How did Malaya gather its corpus?
Contents
How did Malaya gather its corpus?#
Note
This tutorial is available as an IPython notebook here.
We use a translator to translate from a validated English dataset to a Bahasa dataset.
Everyone agrees that Google Translate is the best online translator in the world, but the problem here is that to subscribe to the translation API from Google Cloud is insanely expensive.
Good thing about https://translate.google.com/, is that it is open to the public internet! So we just need to code a headless browser using Selenium with PhantomJS as the backbone, that’s all!
You can check the source code here, translator/
from translate_selenium import Translate, Translate_Concurrent
Translate a sentence#
with open('sample-joy') as fopen:
dataset = list(filter(None, fopen.read().split('\n')))
len(dataset)
18
translator = Translate(from_lang = 'en', to_lang = 'ms')
You can get list of supported language in here, https://cloud.google.com/translate/docs/languages
%%time
translator.translate(dataset[0])
CPU times: user 4 ms, sys: 0 ns, total: 4 ms
Wall time: 1.23 s
'seorang lelaki yang saya mengagumi begitu banyak meminta saya untuk pergi bersamanya'
1.23 seconds, it took a very long time to translate a single sentence. What if you have 100k of sentences? It will cost you around 123000 seconds! Insane to wait!
So, we provide multihreading support so that you can concurrently translate multiple sentences.
Translate batch of strings#
translators = Translate_Concurrent(batch_size = 3, from_lang = 'en', to_lang = 'ms')
%%time
translators.translate_batch(dataset[:3])
100%|███████████████████████████████████| 1/1 [00:01<00:00, 1.44s/it]
CPU times: user 8 ms, sys: 12 ms, total: 20 ms
Wall time: 1.44 s
['kawan yang sudah berkahwin rapat hanya mempunyai anak pertamanya',
'pengenalan rapat menangis untuk saya saya merasa gembira kerana ada yang peduli',
'seorang lelaki yang saya mengagumi begitu banyak meminta saya untuk pergi bersamanya']

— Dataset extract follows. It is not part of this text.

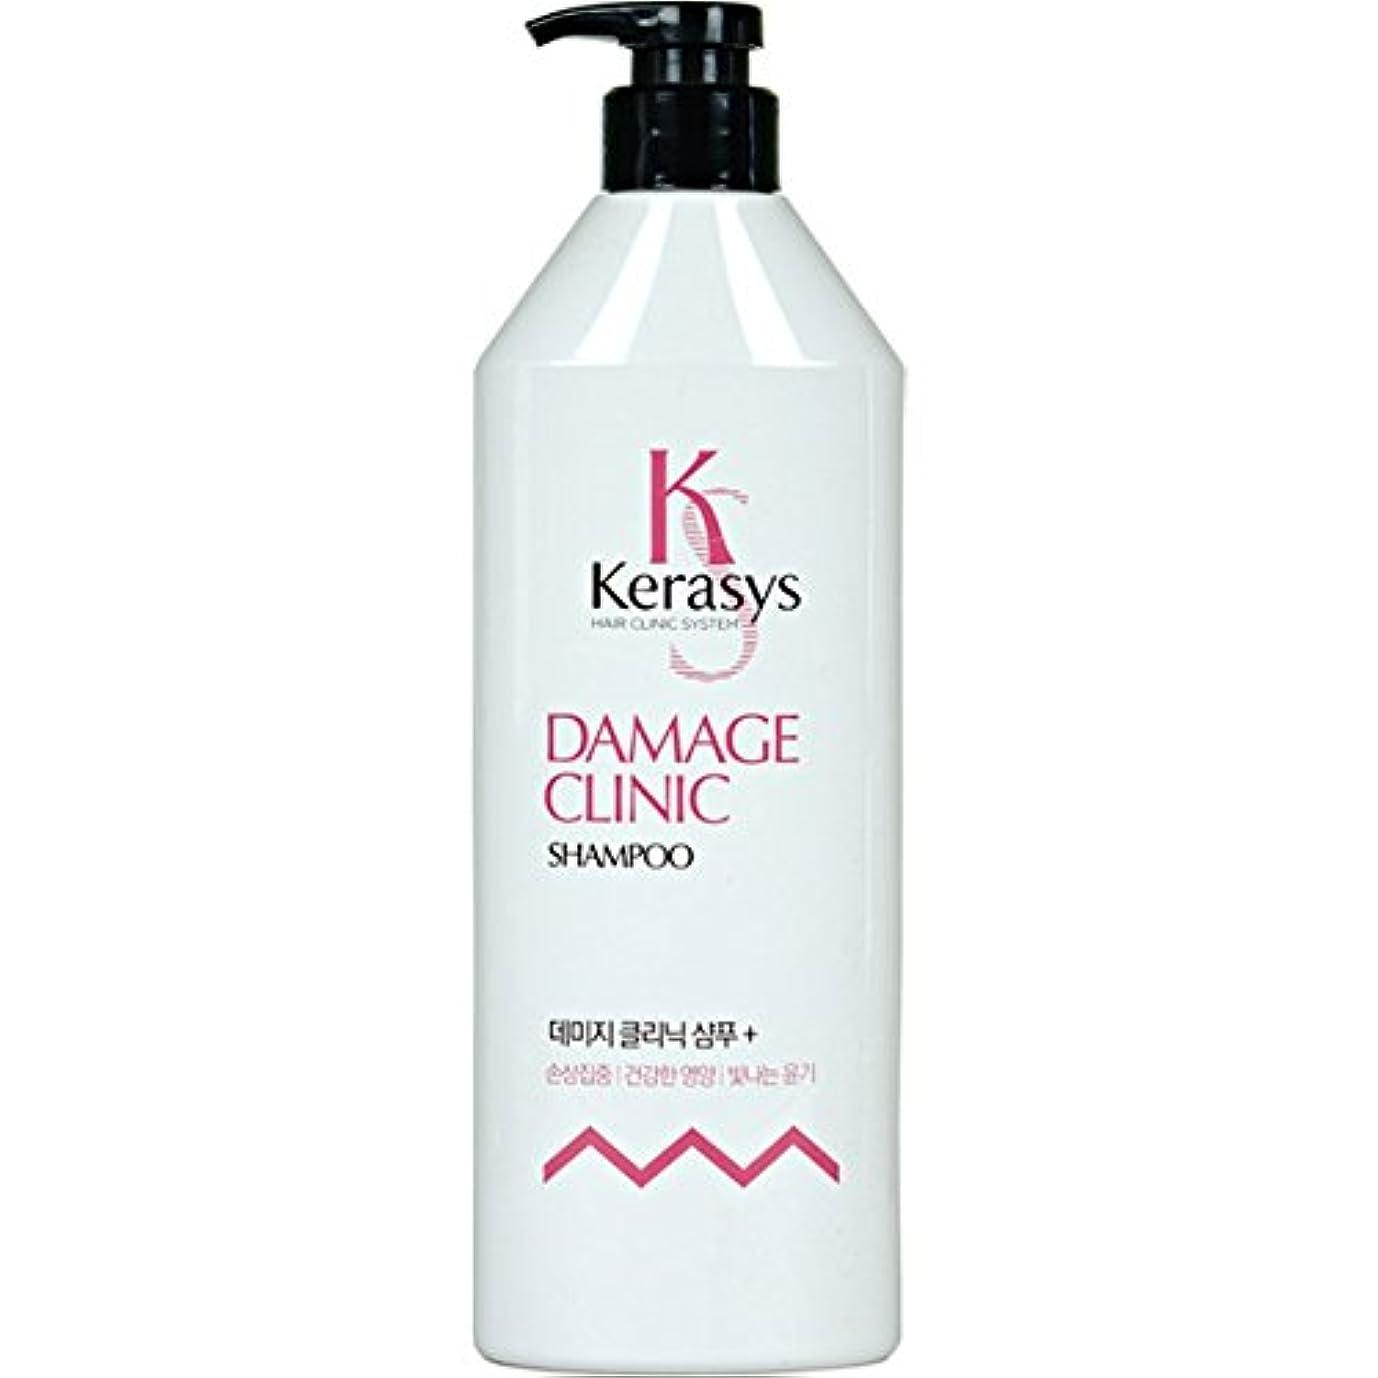 [Kerasys] ケラシス ダメージクリニック シャンプー 750ml Damage Clinic Shampoo [海外直送品]
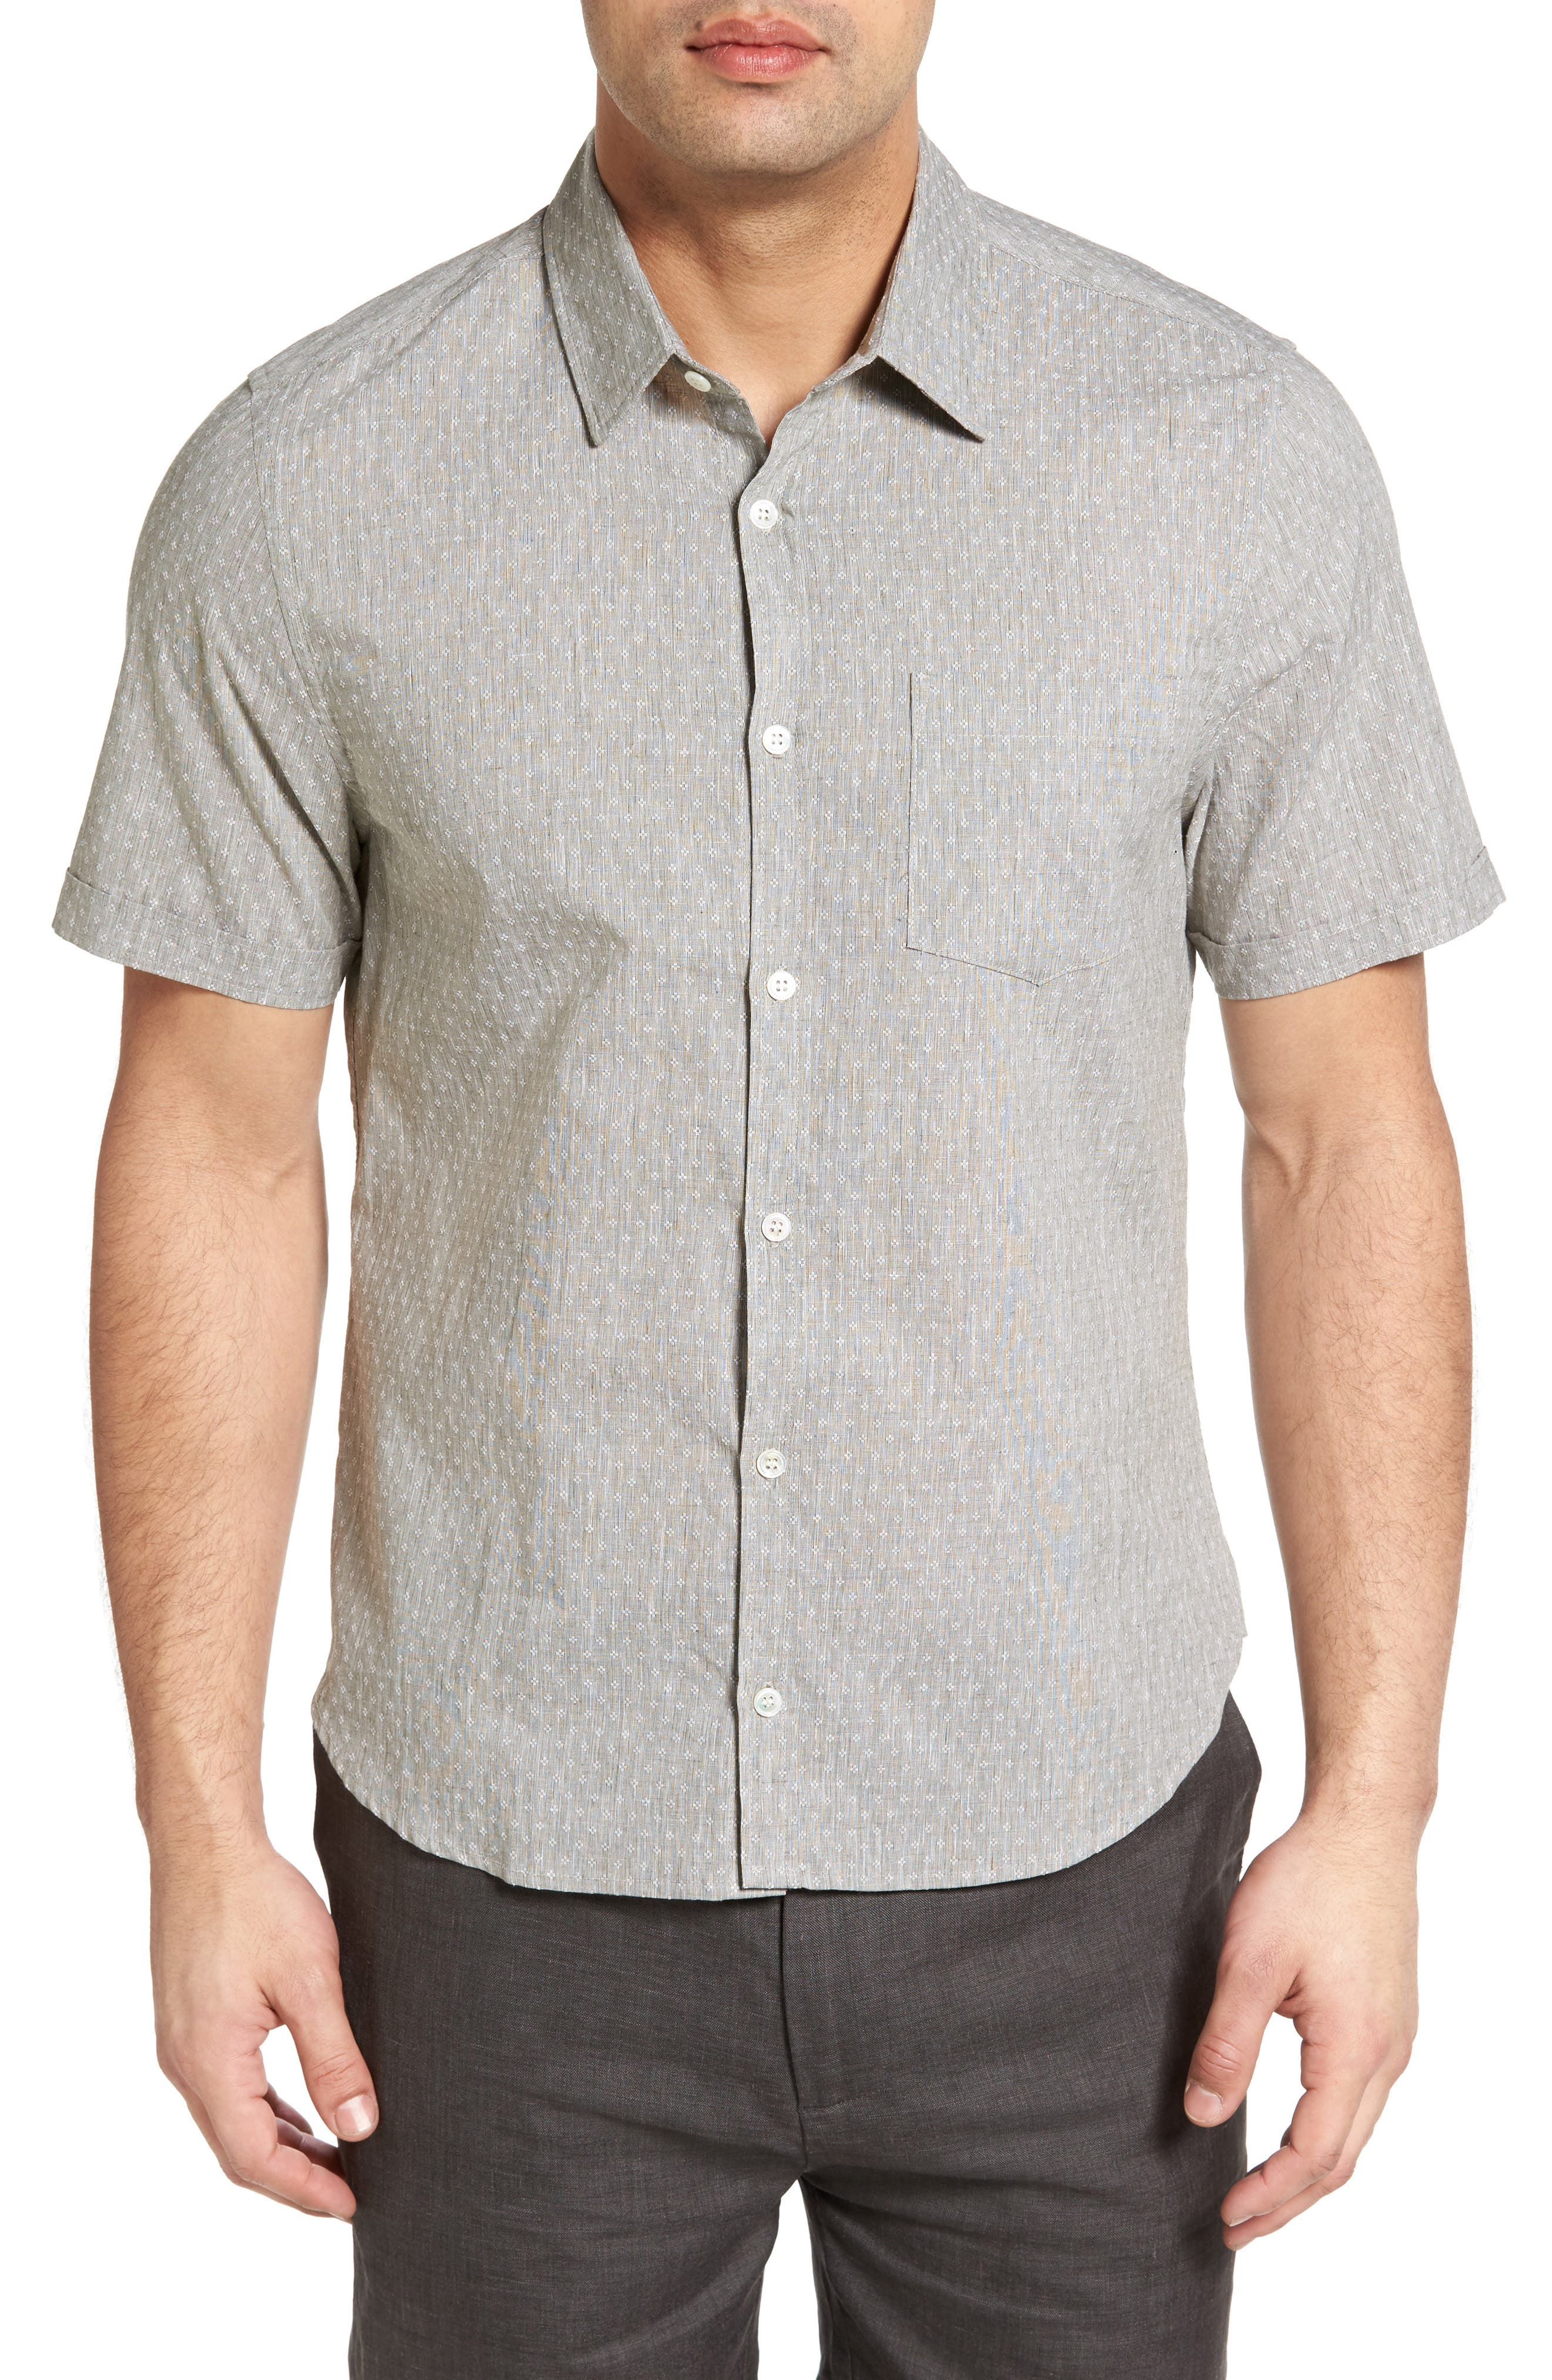 LANAI COLLECTION,                             Classic Fit Sport Shirt,                             Main thumbnail 1, color,                             310

See, we predicted 3 sentences at almost wall time. You can increase the
batch_size
to any size you want, the only limit is your machine specs now, this method
will never trigger Google to block your IP as Malaya had already tested it with more
than 300k sentences.
Remember, 1 translator took quite a toll, here I spawned 10 translators, and below is the result of the top
command:
PID USER PR NI VIRT RES SHR S %CPU %MEM TIME+ COMMAND
14628 husein 20 0 3175700 398980 43036 S 33.6 2.4 5:38.05 phantomjs
14652 husein 20 0 3188824 408880 43084 S 29.9 2.5 5:34.62 phantomjs
14489 husein 20 0 3204708 411520 43064 S 28.6 2.5 5:35.29 phantomjs
14466 husein 20 0 3171668 400304 43008 S 24.6 2.5 5:26.74 phantomjs
14443 husein 20 0 3181056 403228 42916 S 21.9 2.5 5:26.24 phantomjs
14512 husein 20 0 3187592 416036 42956 S 20.3 2.6 5:30.03 phantomjs
14558 husein 20 0 3206104 419800 43640 S 19.9 2.6 5:30.76 phantomjs
14535 husein 20 0 3179416 405508 43196 S 18.3 2.5 5:27.54 phantomjs
14420 husein 20 0 3202472 422448 43064 S 17.6 2.6 5:26.78 phantomjs
14581 husein 20 0 3181132 401892 43056 S 16.3 2.5 5:33.48 phantomjs
1 translator costed me around:
PID USER PR NI VIRT RES SHR S %CPU %MEM TIME+ COMMAND
14628 husein 20 0 3175700 398980 43036 S 33.6 2.4 5:38.05 phantomjs
My machine specifications,
H/W path Device Class Description
======================================================
system G1.Sniper H6 (To be filled by O.E.M.)
/0 bus G1.Sniper H6
/0/3d processor Intel(R) Core(TM) i5-4690 CPU @ 3.50GHz
/0/42 memory 16GiB System Memory
/0/42/0 memory DIMM [empty]
/0/42/1 memory 8GiB DIMM DDR3 Synchronous 1600 MHz (0.6 ns)
/0/42/2 memory DIMM [empty]
/0/42/3 memory 8GiB DIMM DDR3 Synchronous 1600 MHz (0.6 ns)
/0/100 bridge 4th Gen Core Processor DRAM Controller
/0/100/1 bridge Xeon E3-1200 v3/4th Gen Core Processor PCI Express x16 Controller
/0/100/1/0 display GM206 [GeForce GTX 960]
/0/100/1/0.1 multimedia NVIDIA Corporation
So, beware of the CPU usage for your machine!